I got home from school going down the steps of the bus trailing behind Zayn and Harry like a lost puppy. Zayn had come to hang out with Harry; they do this literally every day… Except today since it was the first Friday of the month they were having a little hang out with a couple of friends. That’s how their months’ work out. The first Friday of the month they have a hang out, the last Friday of the month they have huge party. Everybody who’s usually invited to their party looks forward to them, while the people who aren’t invited would do anything to get invited.

The nerdy girls always change their looks and run behind Zayn’s and Harry’s heels crawling for mercy to get invited to their end of the month parties; it’s a pity to watch girls do that. But, I know that if I was a girl, I’d do the same thing because I would die to get a chance to be in the same room as Zayn. Luckily for me, I don’t have to do that, because I get a free pass to the parties with the price of getting excluded, but whatever… it floats my boat, so I’m fine with it.

****

Zayn and Harry tided up the garage and stocked up the mini fridge with beer bottles. I sat in the living room couch in my Game Boy; yes I still had a Game Boy. I’m not very fond of the Nintendo DS. As I played on my Game Boy, I watched about ten people pour into the house and head to the garage. I smiled at them and gave a bright smile as I saw Louis and Niall; they smiled curtly and followed the others.

[[[ A/N: Please play the song to the right for more """effect""" :) ((The song is Better In Time - Leona Lewis)) ]]]

As I heard the music start inside and the laughter and chit chat grow louder. That feeling of being excluded begun yet again and I bit the inside of my lip and stared intently at my Game Boy screen… My bottom lip trembled and my tiny 15 year old hands started to tremble slightly because I felt so sad. I was fifteen and I didn’t even have a person I could consider my “best friend.” You’d think I’d get used to it because it was the same thing in the orphanage, but it got worse when Harry adopted me because well Harry has more than a zillion people he can consider his “best friend” and a zillion more people dying to be considered his “best friend.”

I heard the garage door open and someone head to the kitchen to get something. Then, I heard foot steps head toward here and then whoever it was, sat down next to me quietly. I didn’t look up, I didn’t know who it was and I didn’t care. I stared at the small Game Boy screen even though I could barely see it because of my unshed tears making the screen look blurry. I was proud of myself for not having let a tear drop yet because by now I know I would’ve.

I felt a big, comforting hand get placed on my thigh and give it a comforting squeeze.

“Hey,” I could recognize that velvet voice anywhere, it was obviously Zayn’s, “Hey, Liam are you alright?”

I sighed to myself silently and didn’t reply.
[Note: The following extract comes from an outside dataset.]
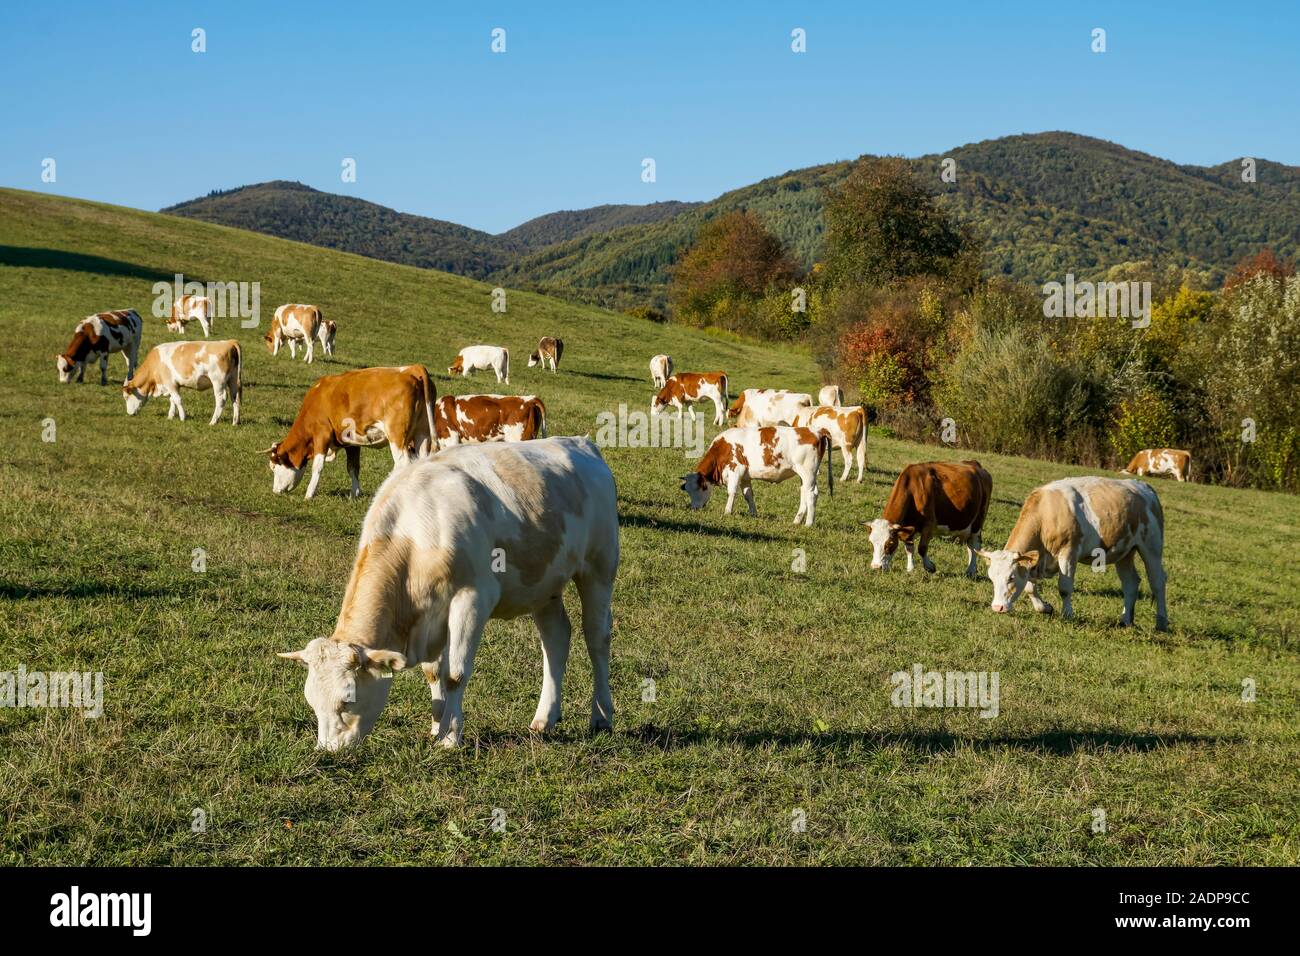 Cows in a pasture in the mountains. Eastern Carpathians, Slovakia, Europe Stock Photo

Zayn lowered his head so he could see my eyes, but I lowered mine as well.

The Game Boy made a sad sound and it had the words “GAME OVER” spelled across it in red. I threw the Game Boy across the room and groaned. My fist clenched and so did my jaw. I felt pissed off. About everything.
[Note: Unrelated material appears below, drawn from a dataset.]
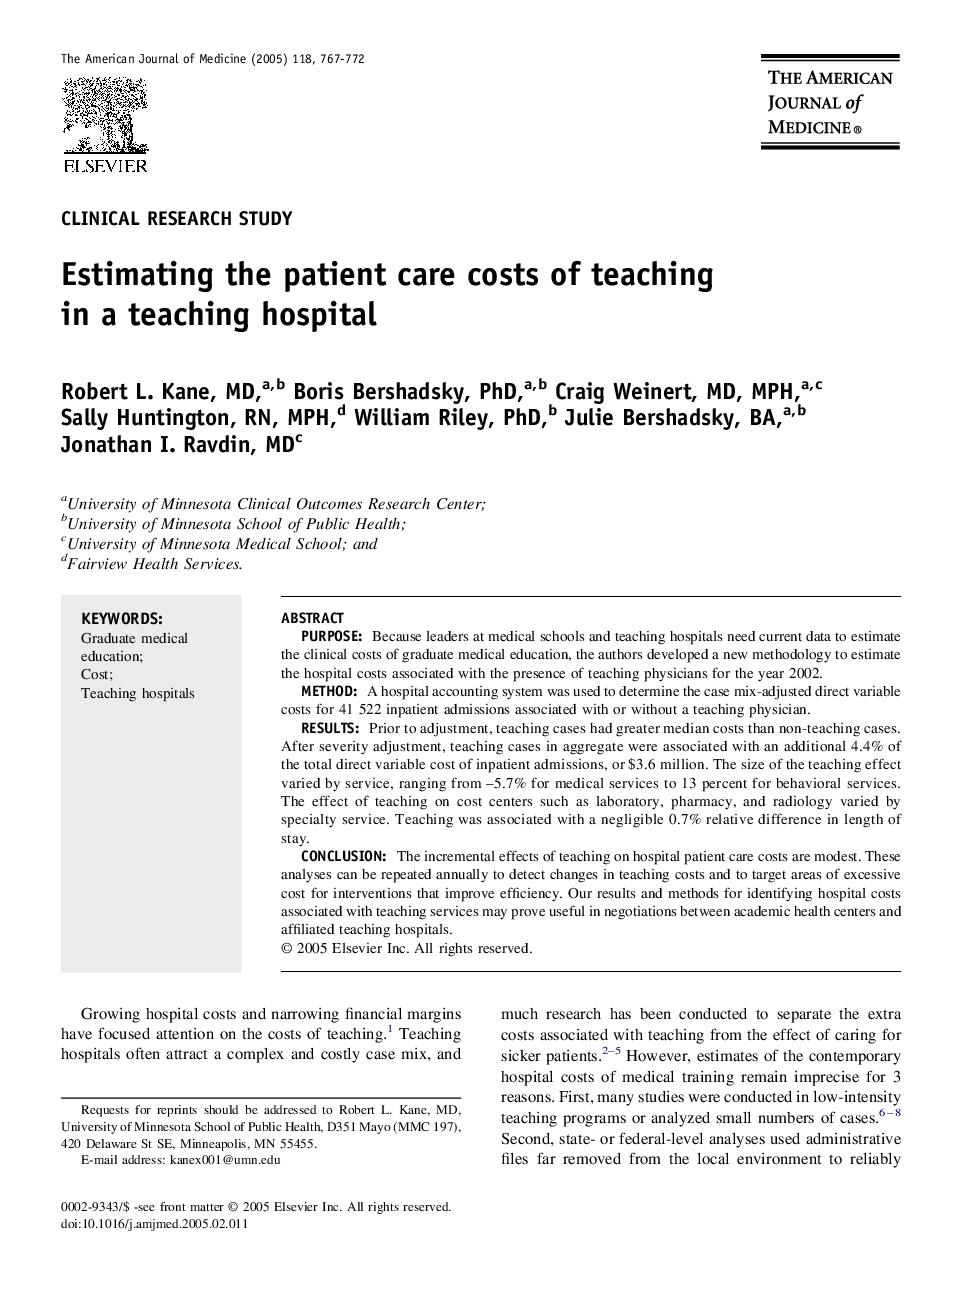 Estimating the patient care costs of teaching in a teaching hospital

Zayn grabbed my hands and forced me to look at him. I lowered my eyes trying to avoid his intimidating look.

I put my knees beside my chest and bit my lip. I looked down at my knees and didn’t dare look at Zayn.

“Liam?!” Zayn asked me loudly.

“WHAT?!” I looked at him the tears then poured down my cheeks. "WHAT?! WHAT DO YOU WANT?!"
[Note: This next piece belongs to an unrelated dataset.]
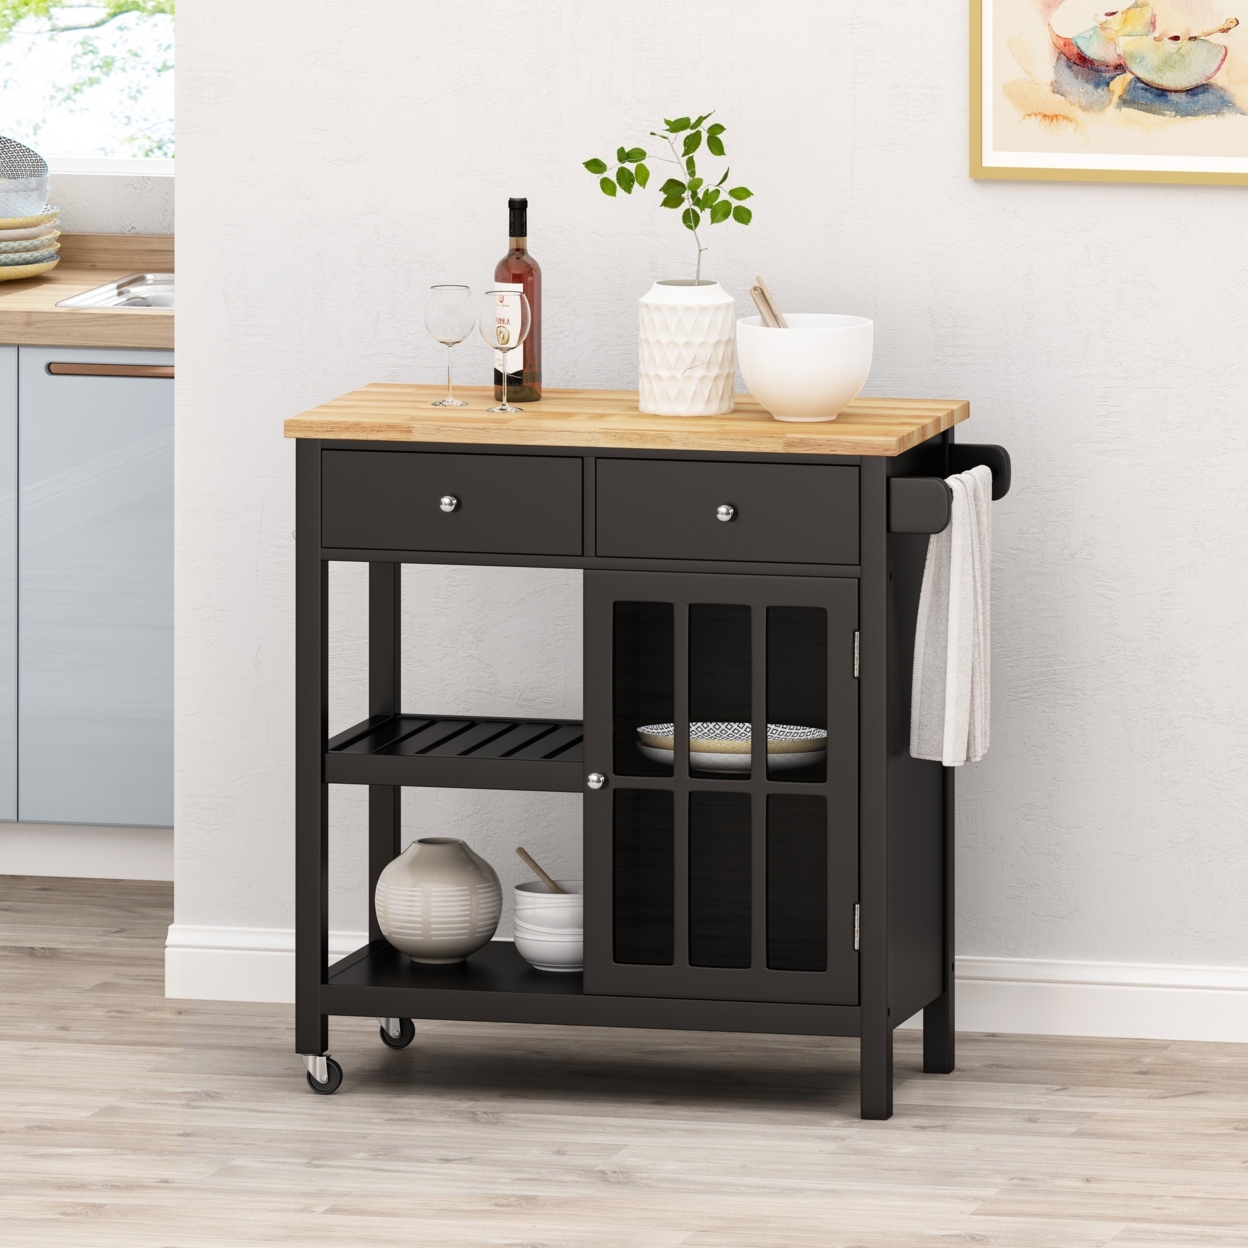 Aidah Contemporary Kitchen Cart With Wheels - Black

I knew this very well myself; all this crying wasn’t about being excluded from this party anymore. This crying is from all the pain I’ve had bottled up for all these years… I just didn’t expect anyone to be beside me, while I let it all out… I wasn’t meant to be crying in front of Zayn, this wasn’t what was supposed to happen. I was supposed to go to my room shut the door, lay in my bed, my face placed in the pillow and I would cry as quietly as possible so Harry wouldn’t hear me. Or maybe I’d be taking a shower and crying under the loudness of the shower hitting my body… But, instead here I was crying in front of Zayn…

“Liam,” Zayn said with a soft voice, “What’s wrong?”

I looked up from my knees and gave him a cold look; my throat felt like it was clogged up, “Why do you care anyways?” I said hoarsely. I blinked trying to get rid of the blurriness, but that just caused more tears to come down and roll down my eyelashes.

Zayn looked down at his hands and fiddled around with his fingers, “Because I care,” 

I scoffed, “Yeah, just like those other families used to say,” I said lowly. I rolled my eyes and clenched my fists. 

Zayn gave me a confused look.

I whipped my tears and hugged my knees to my chest, “Just go off to your little party and have fun,” I gave him a weak fake smile.

“No, not until you tell me what wrong,” Zayn looked at me not letting his eyes go anywhere besides my face.

All those thoughts of feeling worthless just poured down on me and I started crying harder. It felt like I couldn’t breathe… But, it happens mostly every day… The tears rolled down like a waterfall, my sobs got louder and more hysterical. Zayn probably thought I was crazy by now... 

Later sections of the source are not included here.